Fuimos todos allá, y en la puerta del palacio el agolpado gentío formaba una muralla. Los feroces gritos, los aullidos de cólera componían espantoso y discorde concierto. Sorprendiome oír entre tanta algarabía las voces de algunas mujeres chillonas, que deshonraban a su sexo pidiendo venganza. Lopito no cabía en sí de satisfacción, y la navajilla fue blandida sobre nuestras cabezas, como si quisiera partir el firmamento en dos pedazos.

Empujábamos todos, pugnando cada cual por acercarse, y codazo por aquí, codazo por allí, Lopito y yo pudimos aproximarnos bastante a la puerta. El poeta y Cuarta y Media estaban en primera fila. El segundo de estos personajes se volvió a mí, y me dijo con gozo:

– Creo que no saldrá vivo de manos del pueblo.

– ¿Y a Vd. qué le ha hecho ese caballero? – le pregunté.

– ¡Oh! – me contestó. – Ese hombre es un infame, un pícaro que se ha hecho rico a costa del reino. Yo le aborrezco, le detesto: yo soy una víctima de sus picardías. Ha de saber Vd. que la tienda de calderería que tengo me la puso él, por ser yo hijo de la que le lavaba la ropa… Al año de tener la tienda me arruiné, y él me dio unos cuartos para seguir adelante; pero como le pidiese un destino donde con descanso y sin trabajar me ganase la vida, tuvo la poca vergüenza de contestarme que yo no debía ser empleado sino calderero, y añadió que yo era un animal. Vea Vd., ¡decir que yo soy un animal!

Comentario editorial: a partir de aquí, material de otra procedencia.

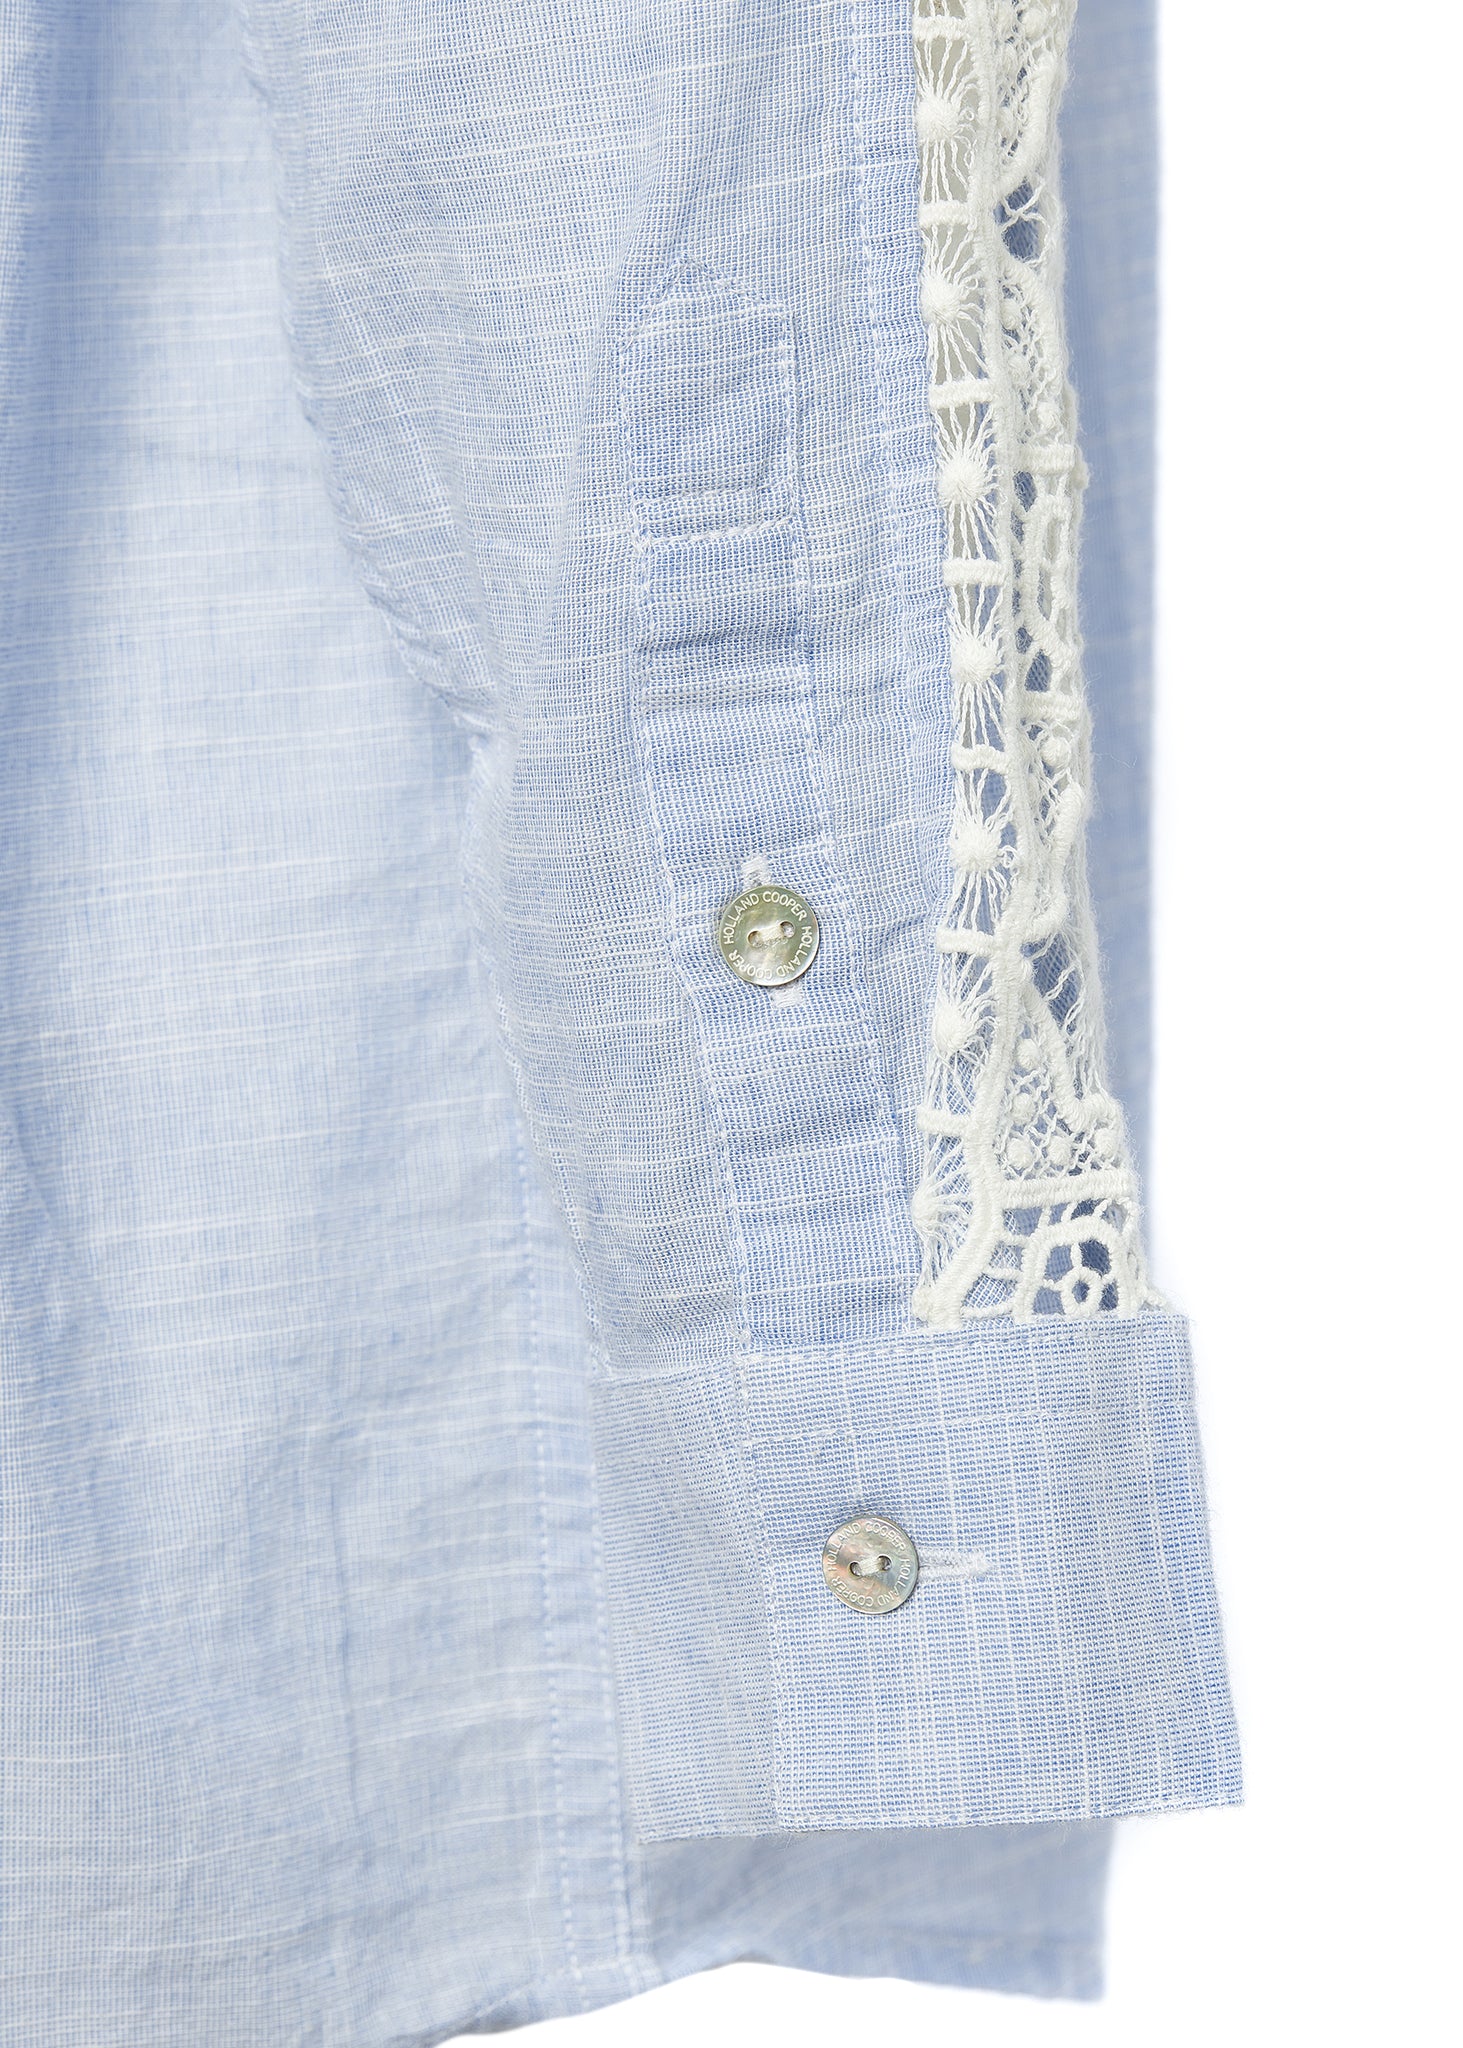 Oversized Cotton Lace Shirt (Tick Stripe Sky Blue)
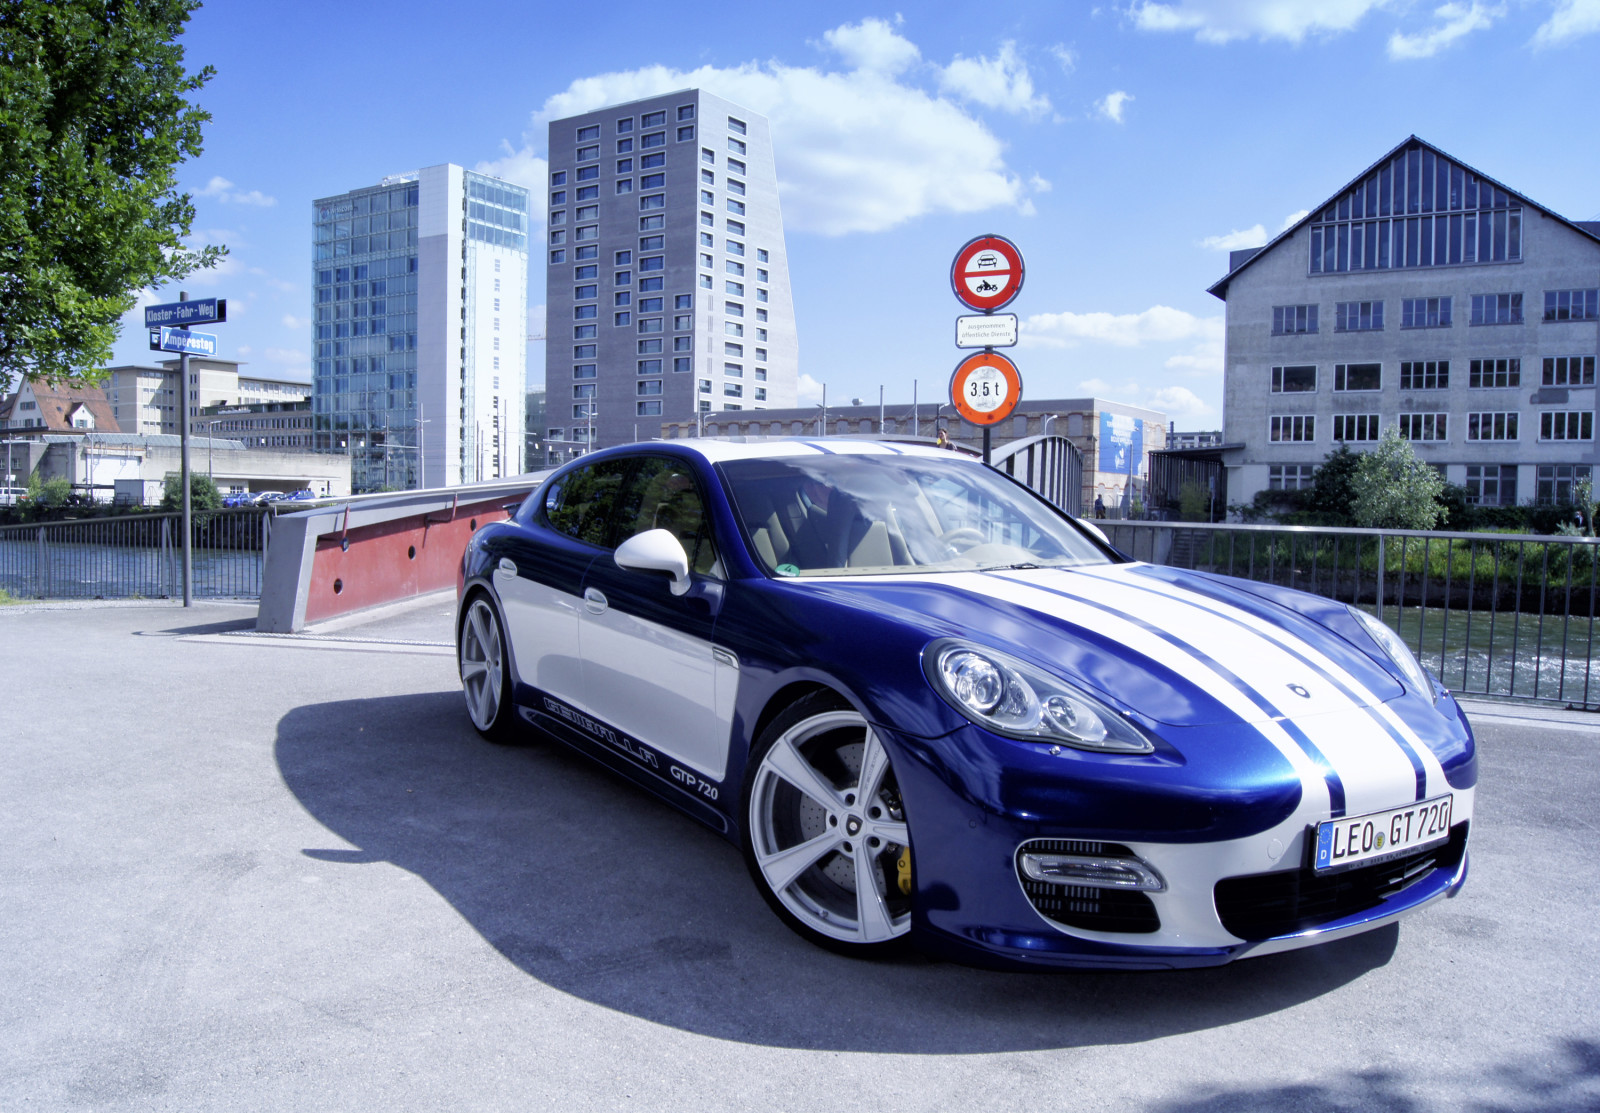 สีน้ำเงิน, รถยนต์, ภาพถ่าย, ปอร์เช่, การปรับเสียง, 2015, Gemballa, GTP 720

No quise oírle más, y me volví de otro lado. La turba chillaba: no he podido olvidar nunca aquellos gritos que relaciono siempre con la voz de los seres más innobles de la creación; y mientras aquel gatazo de mil voces mayaba, extendía determinadamente su garra con la decisión irrevocable y parecida al valor que resulta de la superioridad física, con la fuerte entereza que da el sentirse gato en presencia del ratón.

La tropa contenía al pueblo, anheloso de entrar, y algunos jinetes de la guardia se colocaron a derecha e izquierda de la puerta. No lejos de allí, Pujitos, que tenía, como hemos dicho, el instinto, el genio de la reglamentación del desorden, mandaba a la turba que se pusiese en fila, y decía alzando su garrote:

– Señores: a un laíto… de dos en dos. Formen en batallón, y no rempujen.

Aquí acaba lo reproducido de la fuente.